Very nice. Hopefully we will have an average ice season or better next year


----------



## Ruminator (Apr 6, 2004)

Thanks redthirty, I appreciate it. I wonder how long your battery will last.


----------



## guppygill (May 8, 2004)

Should last all day. I have the LED rope lites attached to the upper poles in my Clam Pro and the lights last all day.LEDs don't burn that much battery.


----------



## FISHIN 2 (Jun 22, 2005)

Those led lights that are mentioned are 16' long, a lot of lights, did you use the whole strand or cut off some ?


----------



## redthirty (Sep 19, 2014)

They worked out perfect, didn't have to cut them.
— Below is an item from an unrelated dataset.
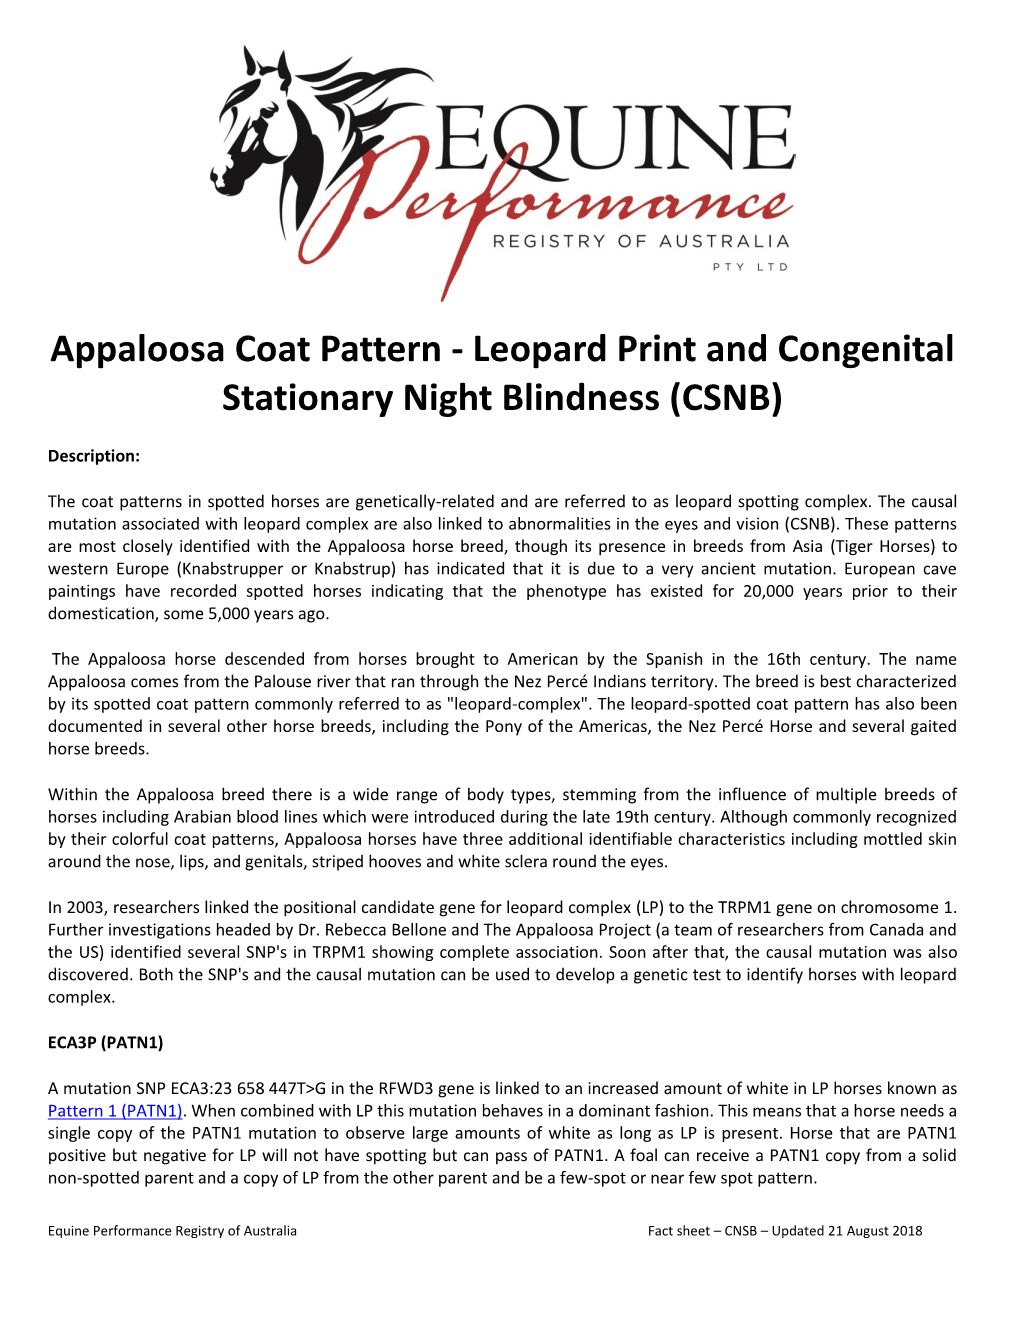 Appaloosa Coat Pattern - Leopard Print and Congenital Stationary Night Blindness (CSNB)

Going to put the same setup on my boat for night fishing.


----------



## FISHIN 2 (Jun 22, 2005)

You just leave em on the reel ? Thought ya might have put them on the poles, thanks for the hookup though, gonna get a set myself, Mike


----------



## redthirty (Sep 19, 2014)

That's the reel I'm going to put on my boat. In a few days.


----------



## redthirty (Sep 19, 2014)

Well guys , same battery set up on my boat. Two strips of 50/50 led lights. Very bright and they don't blind you when you are in the boat. Hope to take it out next weekend to try it.


----------



## Lee in NEOH (Aug 2, 2009)

I have a reel of blue led's that I'm going to install in my clam single


----------



## icebucketjohn (Dec 22, 2005)

*ONLY 5 MONTHS & 3 DAYS TILL 1ST ICE!!!*


----------